Lifestyle / Essai grandeur nature - Voitures électriques : les aléas de la charge

Vous voilà propriétaire (ou locataire) d’une voiture électrique. Et, dans un geste commercial, on vous a fourni un badge ou une carte pour la charger sur les bornes publiques. Vous pensez que ce sera facile. Erreur !

Attention : parfois ça bugge. À part Tesla qui a mis en place son propre réseau efficace – réservé à ses clients – de bornes de charge rapide, les autres constructeurs se reposent surtout sur des équipements installés un peu partout sur le territoire. Ainsi, un pass sous forme de badge ou de carte est parfois fourni avec la voiture électrique pour activer la charge (payante) sur ces fameux points de recharge plus ou moins rapide. À défaut, l’électro-automobiliste a lui-même choisi sa formule via une carte, une app de smartphone ou associée à une carte carburant professionnelle. La carte du réseau semble répondre à la demande avec un maillage assez dense et beaucoup de points verts ou bleus synonyme de prise à disposition. On se dit que ce sera facile. Et bien pas toujours en fait. Voici une compilation (un peu dramatisée) des problèmes que nous avons rencontrés lors d’essais de voitures électriques.

Nos pires moments

Le plus classique : vous êtes un peu ric-rac niveau autonomie et il vous reste bien 15 minutes dans le planning pour faire une petite pause recharge. Vous arrivez sur place et voilà que la borne est occupée. À cette heure, il n'y a pourtant pas foule, vous jetez un œil dans le fast-food. Vu qu’il n’y a qu’un client vous lui demandez s’il en a pour longtemps avec la borne. Et de vous répondre : « Juste le temps de charger la voiture à fond, j’ai des kilomètres à faire ». Sauf que cet hurluberlu a opté pour une charge lente alors que son modèle (vous le savez, vous avez le même) est compatible avec un chargeur rapide. Bref – déjà que vous ne supportiez pas de faire la file au Luxembourg quand vous rouliez encore au Diesel – vous vous résolvez à partir pour rouler pépère derrière les camions en espérant arriver, un peu énervé, à la borne du bureau. Au moins, lui, il avait une voiture électrique. Parce que le squat par des thermiques, ça, ça vous met vraiment en rogne !

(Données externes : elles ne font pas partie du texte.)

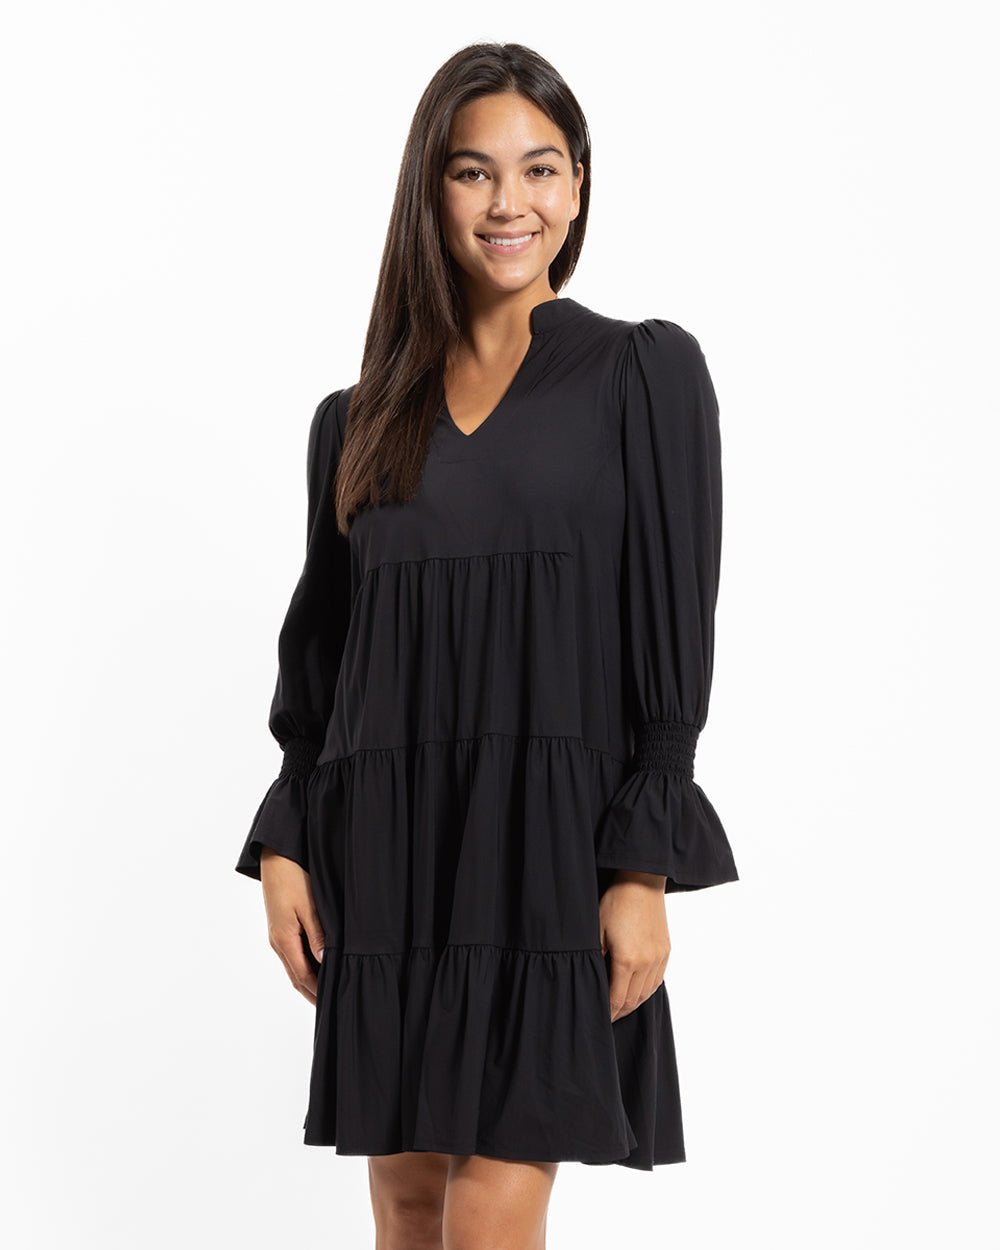 Jude Connally - Tammi Dress: Black - Shorely Chic Boutique

Le plus affligeant : l’autonomie est dans le rouge. Votre navigation vous envoie vers une borne dans un parking improbable à l’arrière d’un magasin. Vous arrivez sur place et découvrez un équipement détruit par vandalisme (depuis au moins quelques semaines). Bon, direction borne suivante en espérant qu’elle se trouve à moins de 15 km, ce qui vous reste avant la panne électrique.

Le plus énervant : cette borne est Chademo, votre voiture est Combo. Ou l’inverse. Fallait mieux lire les indications de votre app ChargePluginMap. Au moins, les pistolets de Super ont tous le même embout. Argh ! Ne pas se laisser tenter : « le pétrole, c’est tabou ».

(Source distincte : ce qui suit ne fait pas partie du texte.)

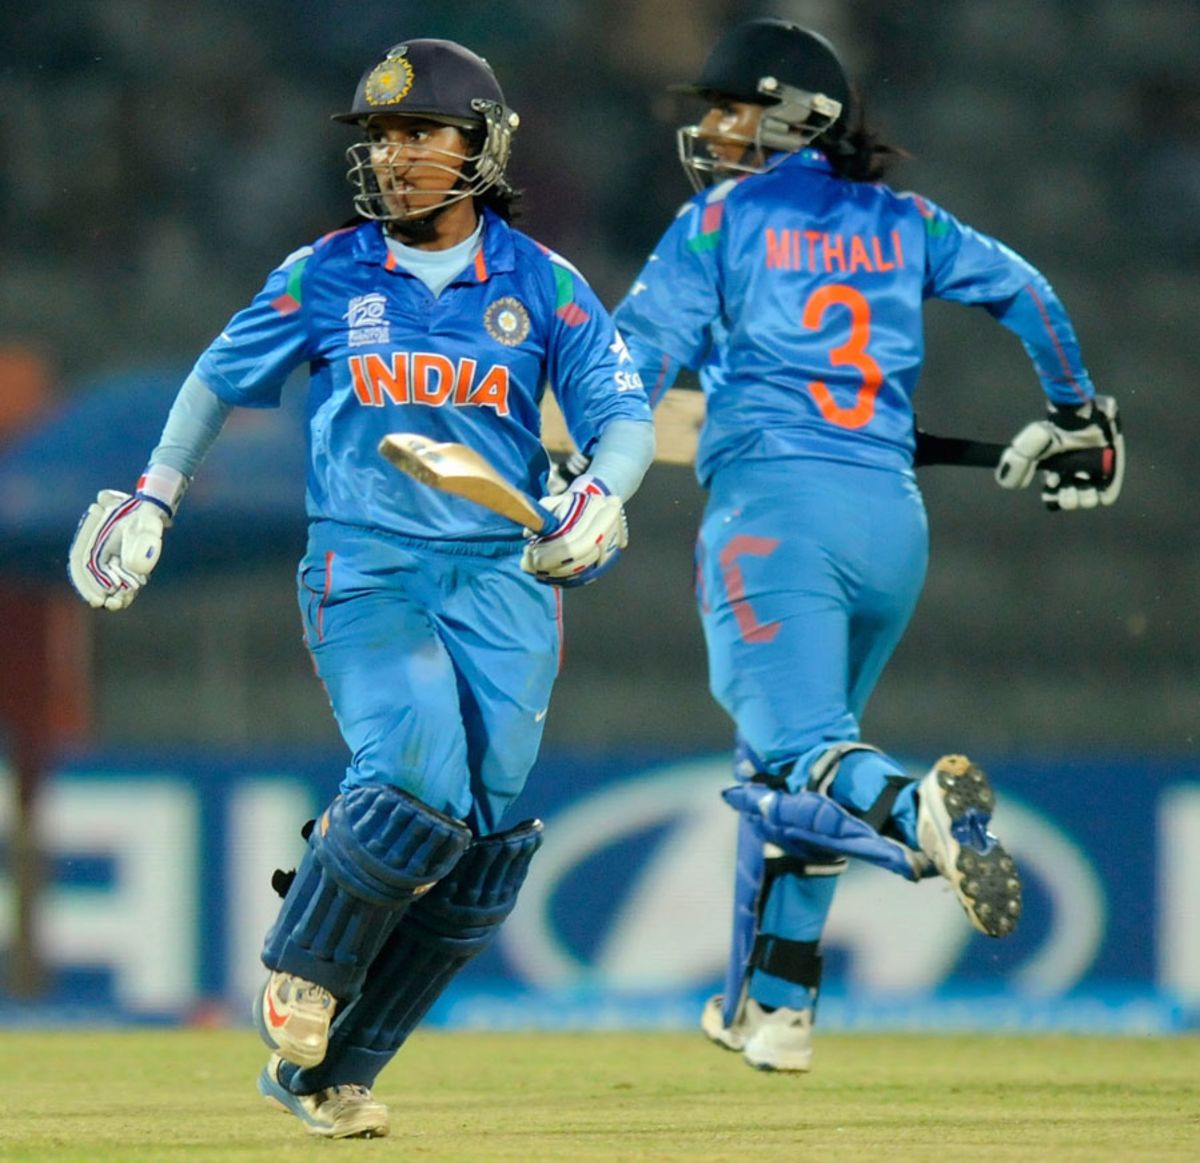 Both India openers, Poonam Raut and Mithali Raj, hit half-centuries

Le plus déprimant : voilà une belle borne non occupée. Vous installez la voiture (parfois en marche arrière pour être sûr que le câble arrive bien jusqu’à la prise), vous sortez le câble, vous dégainez le pass pour activer la borne. Et là : badge (carte) refusé(e) ! Vous tentez l’app smartphone. Bingo ! Cette borne ne fait pas partie du réseau couvert par vos abonnements. Il vous reste à ranger votre câble et à repartir, soupirs, à la recherche d’une autre borne via votre GPS (qui ferait bien d’être à jour). Et puis, pourquoi on ne peut pas utiliser sa carte de crédit sur ces bornes, tout simplement ? Hein, pourquoi ?

Le plus décourageant : borne en panne ! Ouf, il y en a une deuxième à côté qui semble fonctionner (du moins c’est ce qu’indique son écran). Évidemment que non, mais vous vous en rendez compte trop tard. Et comme elle se payait par SMS, vous venez de perdre un texto surtaxé pour rien…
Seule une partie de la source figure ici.